Top of DATA SEGMENT

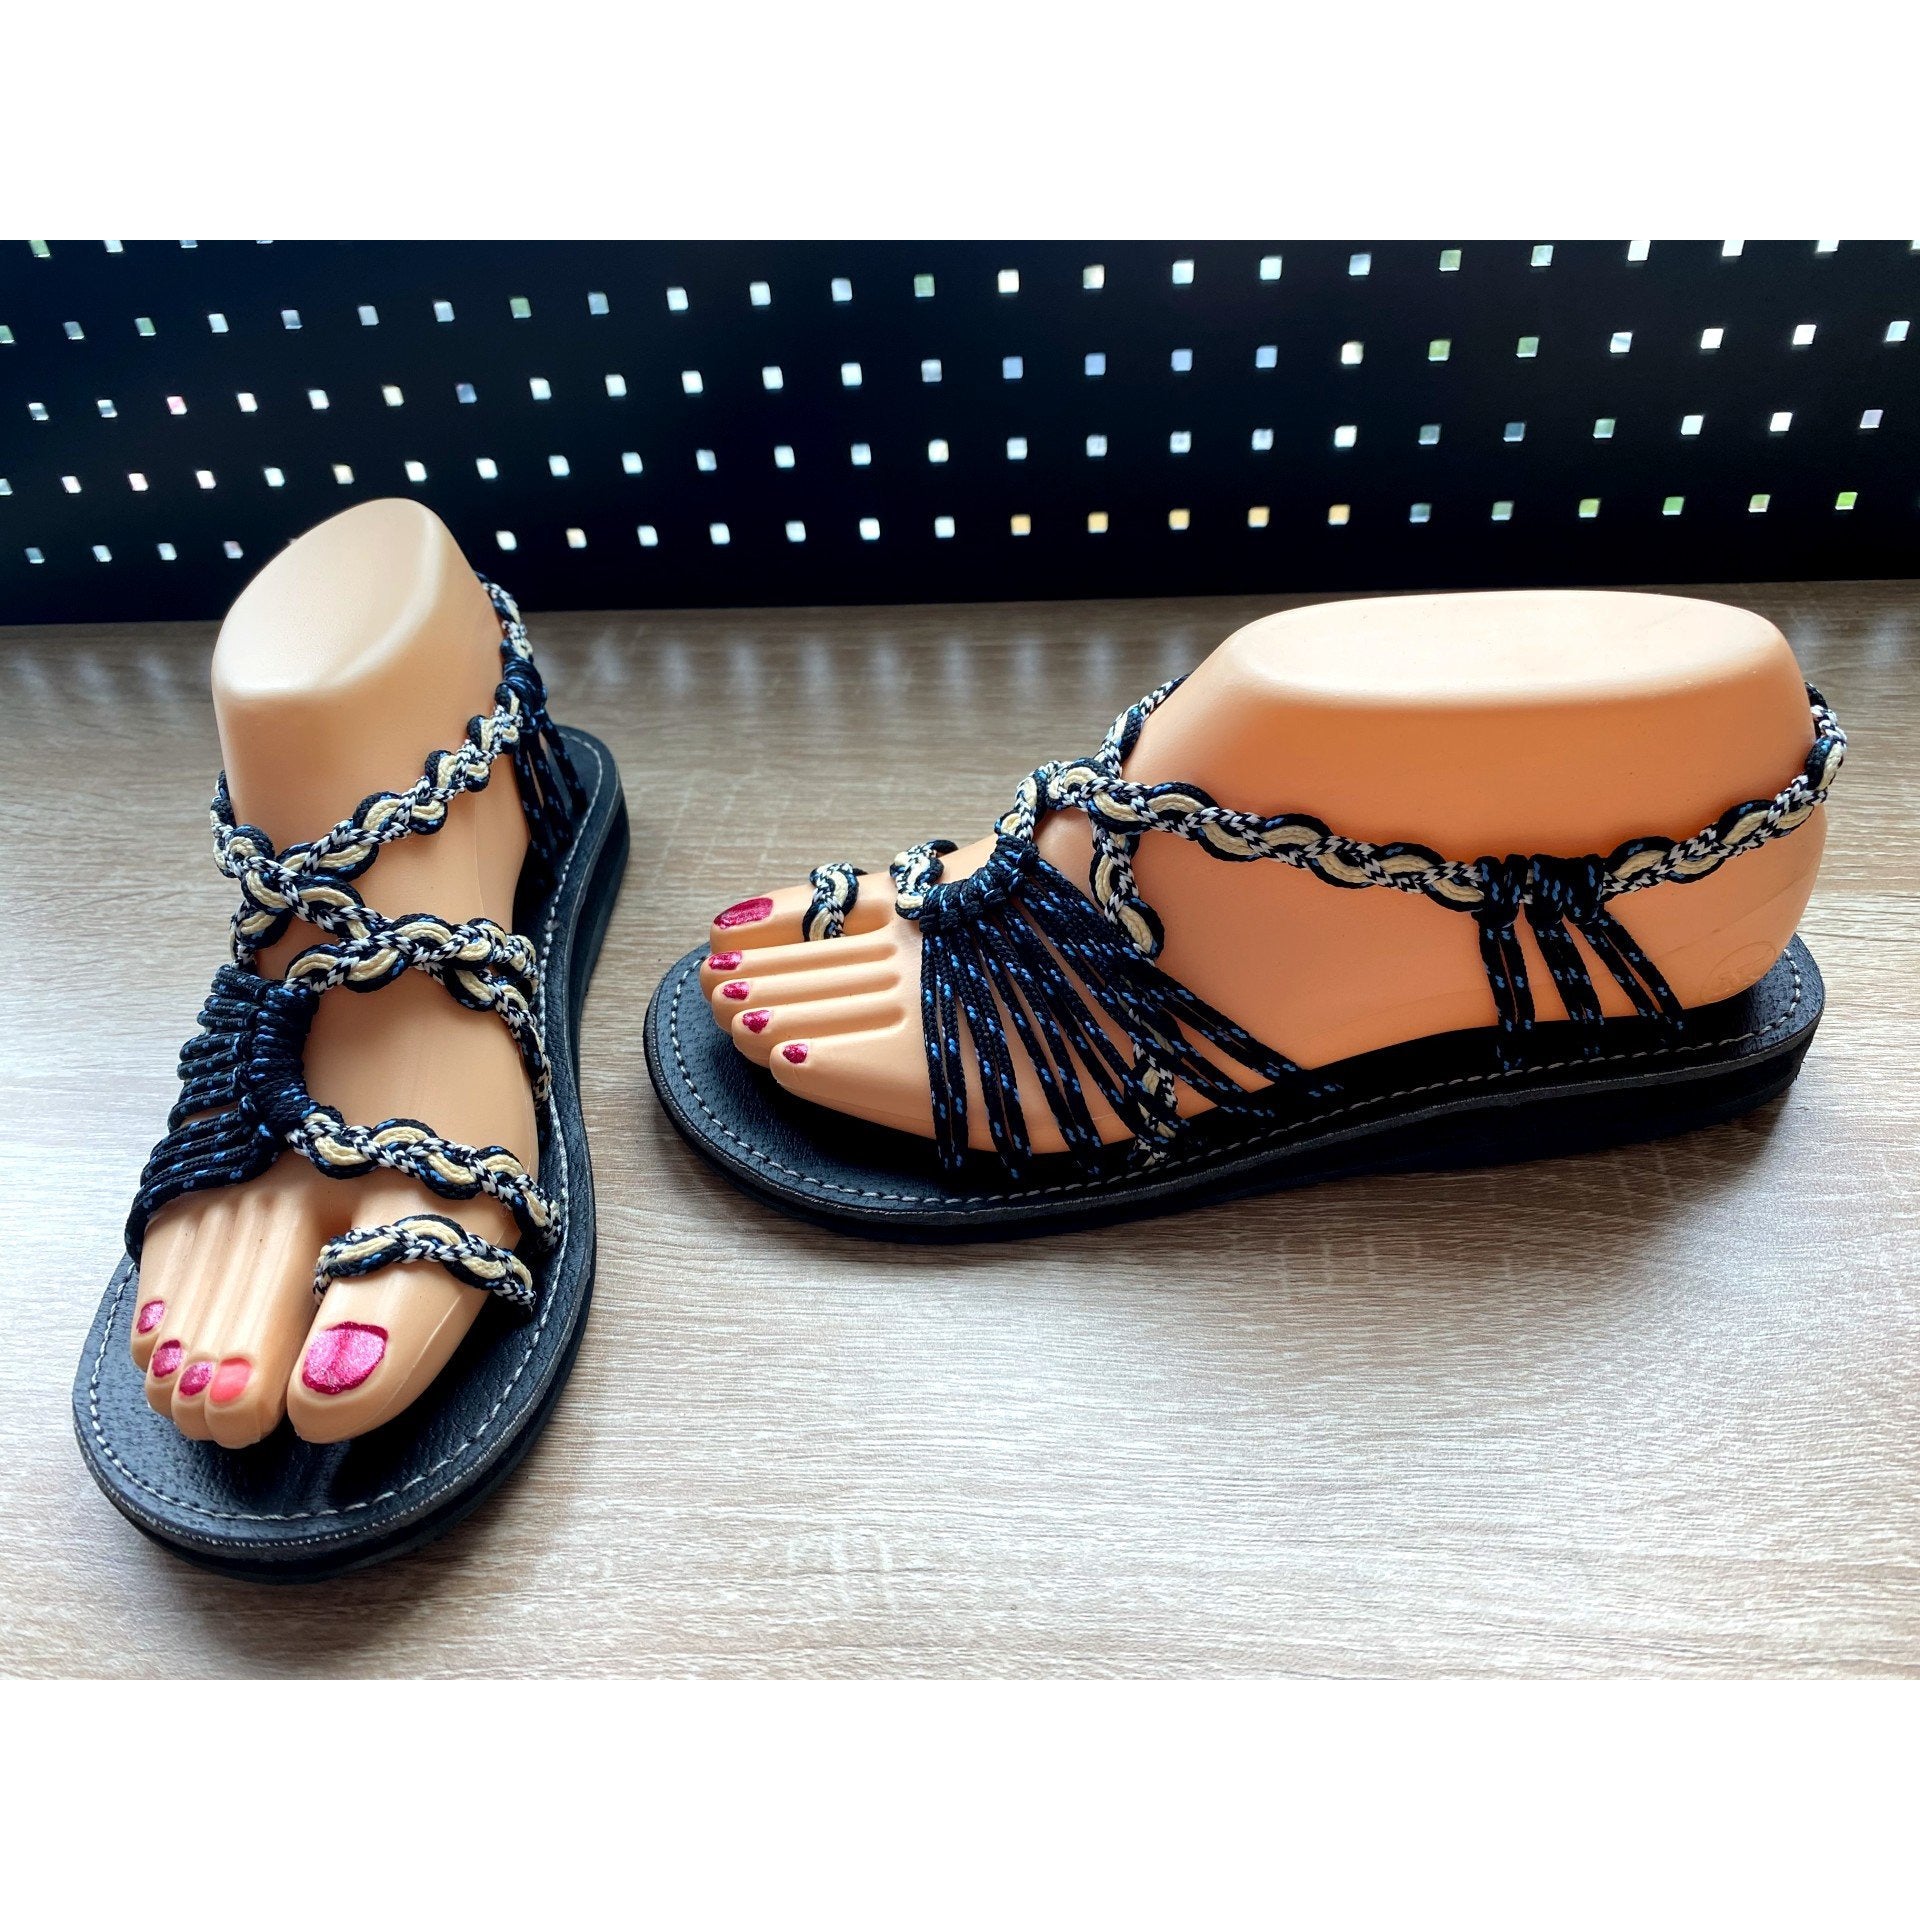 Shoes - Braided Sandals
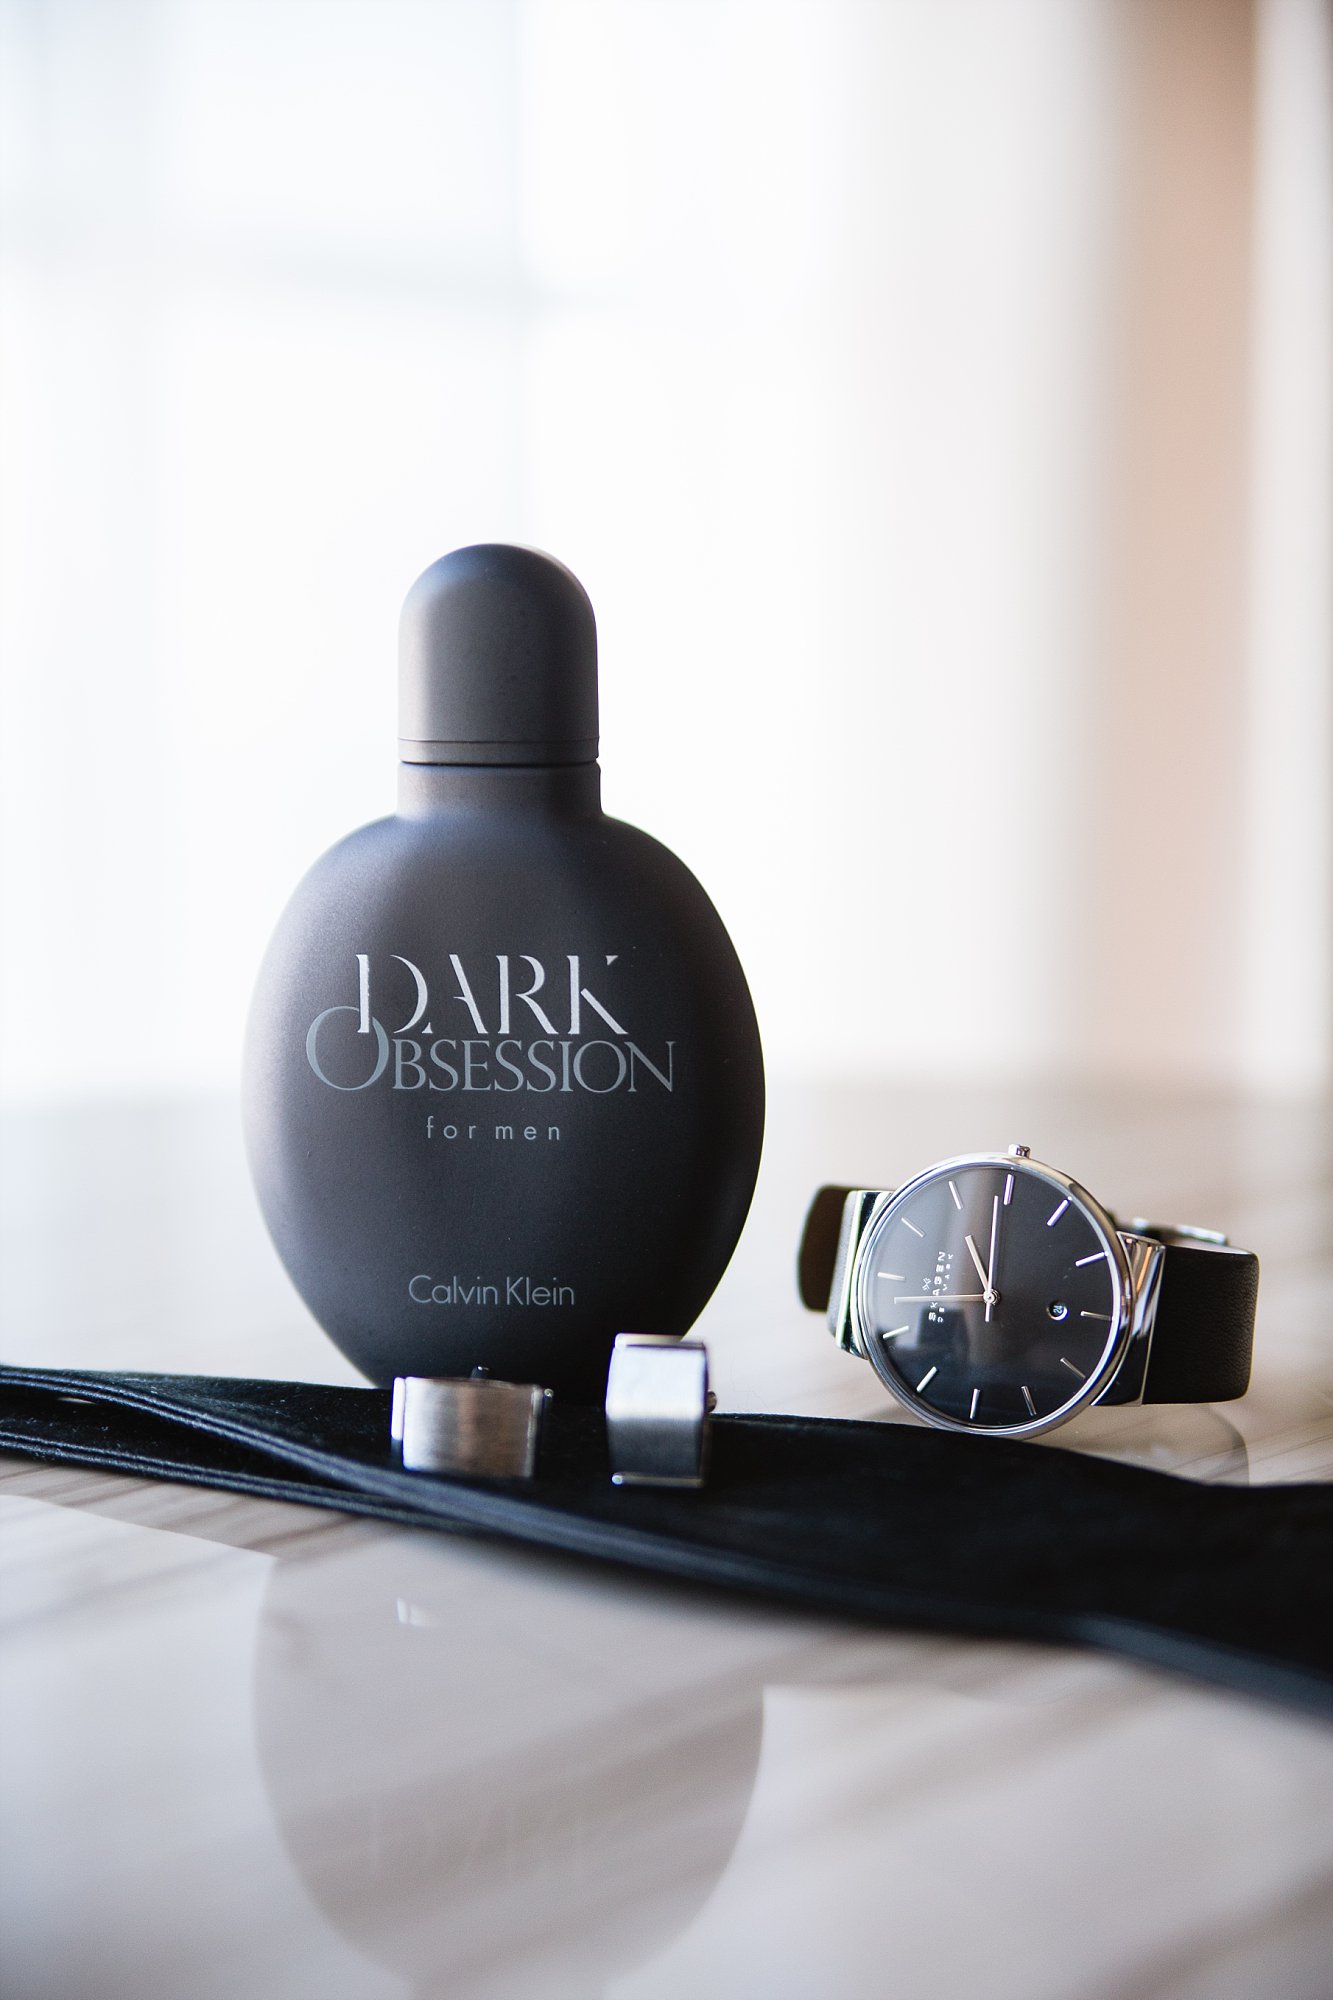 Detail image of groom's Dark Obsession cologne, black wedding watch, cuff links, and bow tie by Phoenix wedding photography PMA Photography.
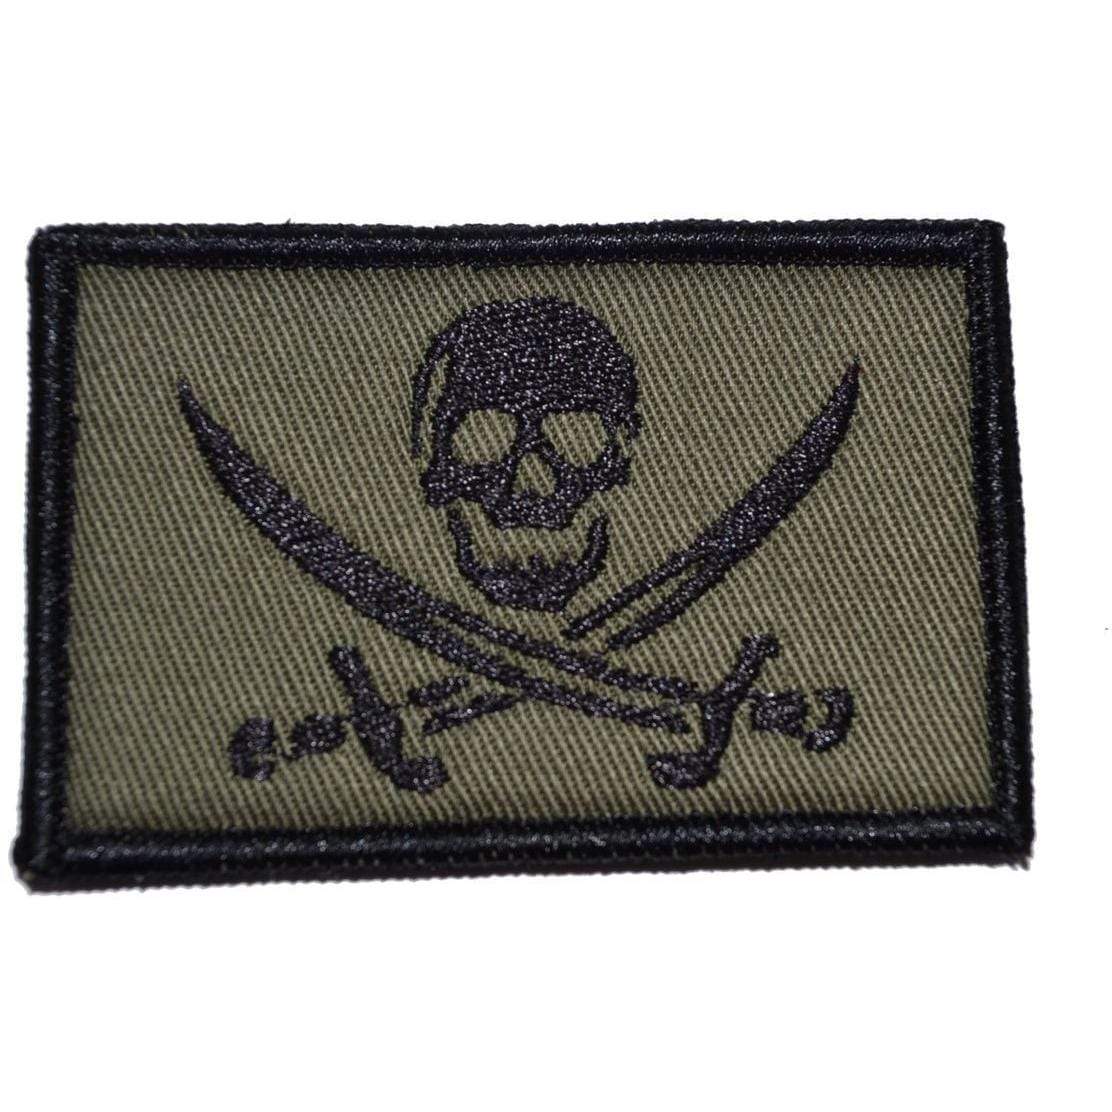 Tactical Gear Junkie Patches Olive Drab Pirate Jolly Roger - 2x3 Patch

Bottom of DATA SEGMENT

ACTIVITY:
Could you copy the lines above exactly and skip the images?

ANSWER SPACE:
 Shoes - Braided Sandals
 Detail image of groom's Dark Obsession cologne, black wedding watch, cuff links, and bow tie by Phoenix wedding photography PMA Photography.
 Tactical Gear Junkie Patches Olive Drab Pirate Jolly Roger - 2x3 Patch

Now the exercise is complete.